Un ruido afuera. Un relámpago de miedo en los ojos de la mujer. Diego Alatriste cogió la pistola de la mesa, y procurando no hacer crujir el suelo fue a situarse a un lado de la puerta. Luego todo ocurrió con extraordinaria sencillez: la puerta se abrió y Gualterio Malatesta entró sacudiéndose la capa y el sombrero mojados. Entonces el capitán le apoyó, con mucha suavidad, el cañón de la pistola en la cabeza.

VIII. SOBRE ASESINOS Y LIBROS

—Ella no tiene nada que ver con esto —dijo Malatesta.

Había dejado en el suelo espada y daga, apartándolos con un pie según le indicó Alatriste. Miraba a la mujer amordazada y atada en la silla.

—Me da igual —repuso el capitán, sin dejar de apuntarle a la cabeza—. Es mi baza.

—Bien jugada, por cierto… ¿También matáis mujeres?

—Si se tercia. Lo mismo que vos, supongo.

El italiano movió la cabeza como si afirmase, pensativo. Su rostro picado de viruela, con la cicatriz que le desviaba un poco la mirada del ojo derecho, permanecía impasible. Al cabo se volvió para encararse con el capitán. La luz de la vela puesta sobre la mesa lo iluminaba a medias: negro en sus ropas, el aire siniestro, crueles las pupilas oscuras. Bajo el bigote finamente recortado se insinuaba ahora una sonrisa.

—Es la segunda vez que me visitáis aquí.

—Y la última.

Malatesta guardó un breve silencio.

—También teníais una pistola en la mano —dijo al fin.

Alatriste lo recordaba muy bien: la cama, el mismo cuarto miserable, el hombre herido, la mirada de serpiente peligrosa. Con suerte, había dicho entonces el italiano, llegaré al infierno a la hora de cenar.

—Muchas veces lamenté después no haberla utilizado —apuntó Alatriste.

Se acentuó la sonrisa cruel. En eso, insinuaba el otro, estamos de acuerdo; hay disparos que son puntos finales y dudas que son peligrosos puntos suspensivos. Observó, reconociéndolas, las dos pistolas que el capitán había encontrado en el arcón y que ahora llevaba metidas en el cinto.

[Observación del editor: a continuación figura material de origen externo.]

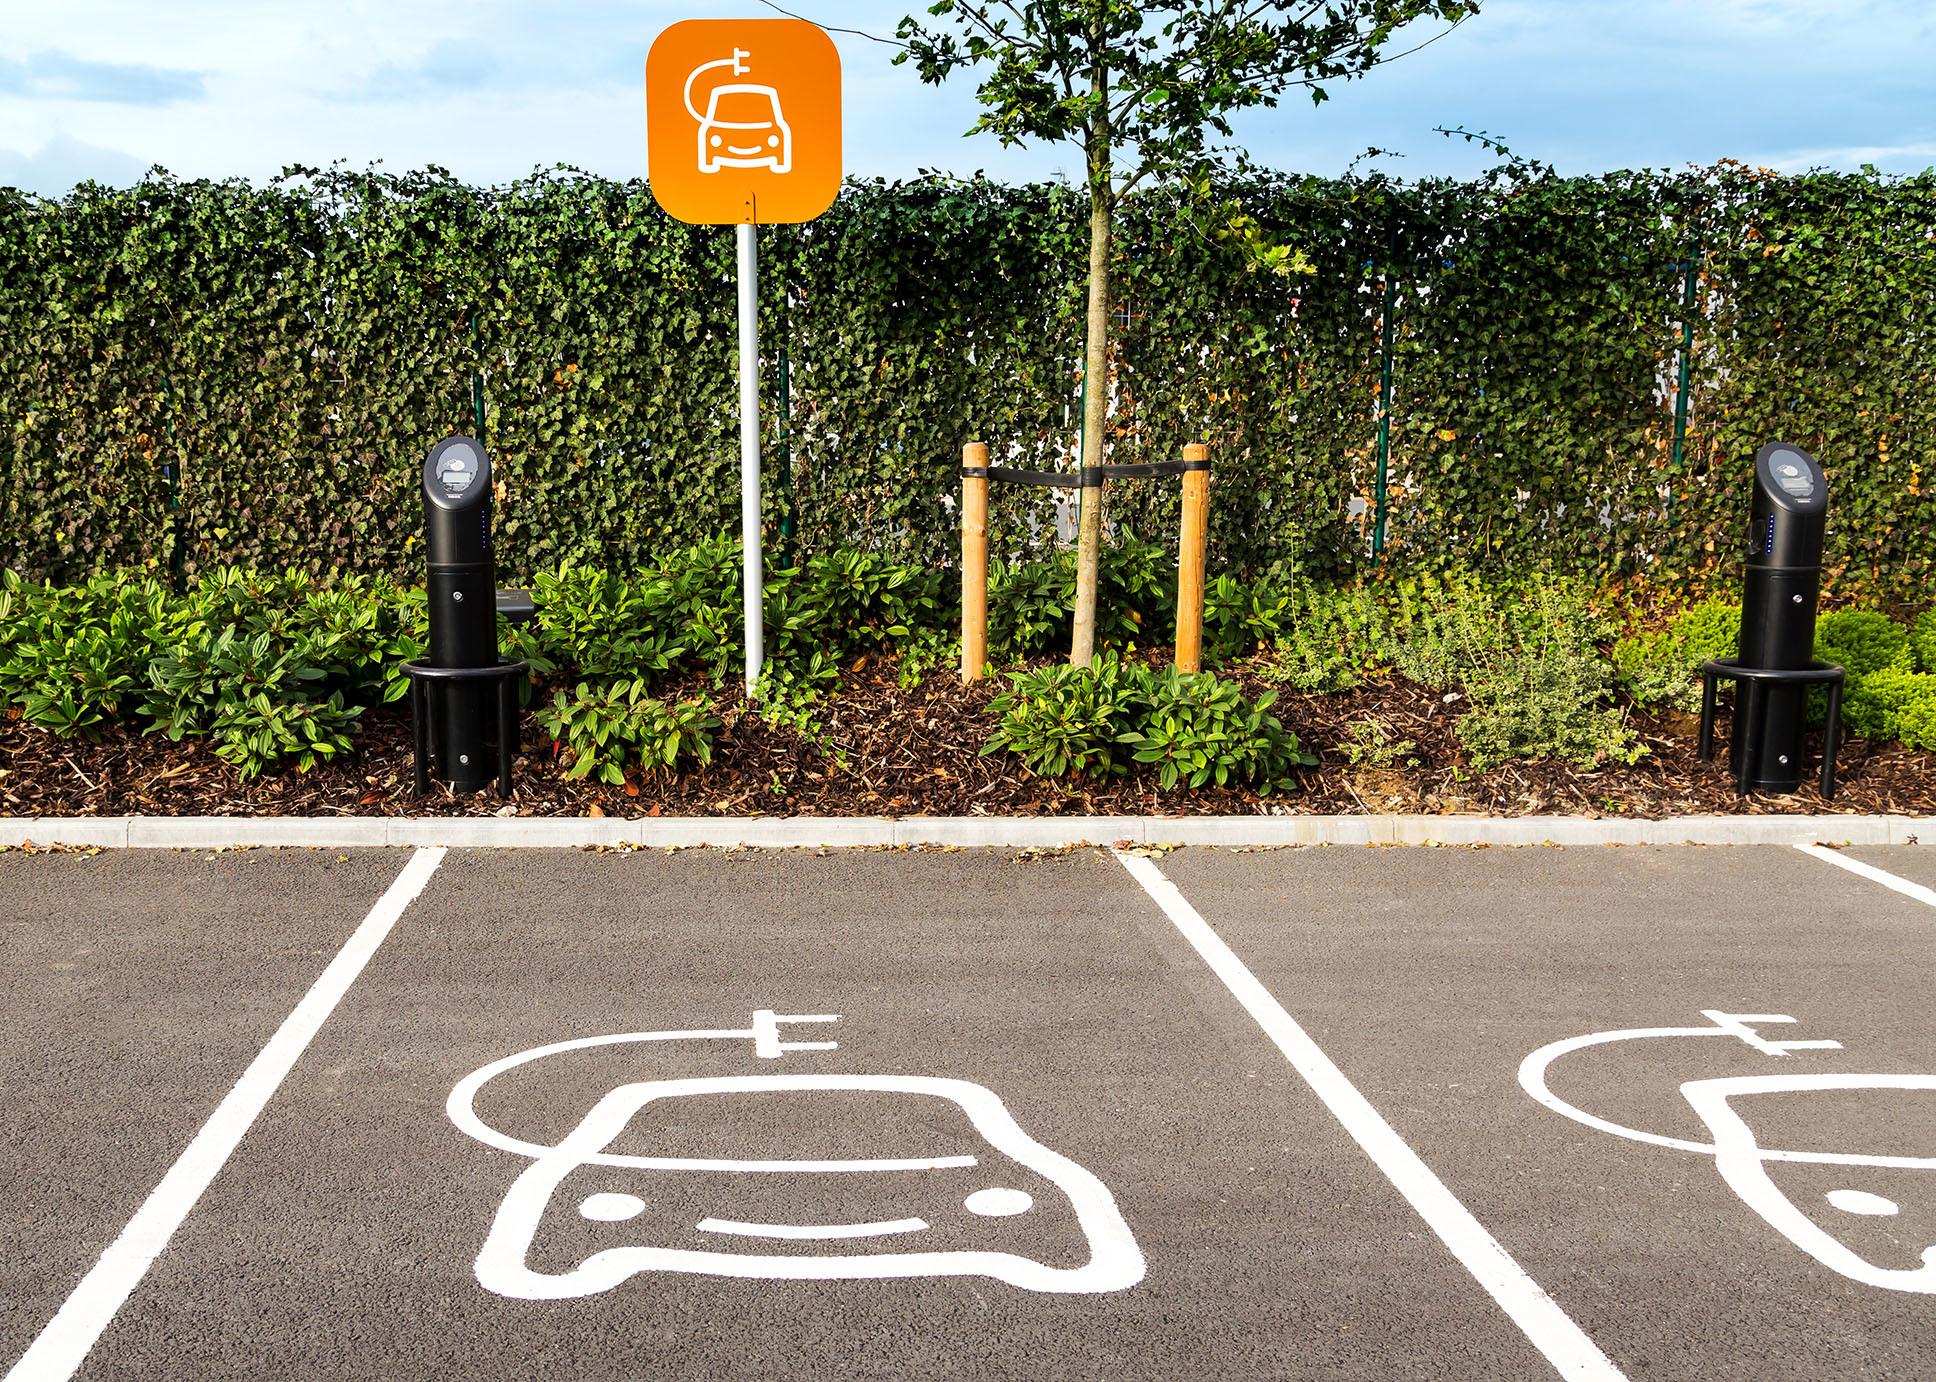 La movilidad eléctrica es una de las patas sobre las que se sostiene la definición de 'smart city'.

—No deberíais pasearos por Madrid —comentó el italiano con lúgubre solicitud—. Dicen que vuestra piel no vale un ceutí.

—¿Quiénes lo dicen?

—No sé. Por ahí.

—Preocupaos por la vuestra.

Malatesta volvió a asentir pensativo, cual si apreciara el consejo. Luego miró a la mujer, cuyos ojos espantados iban del uno al otro.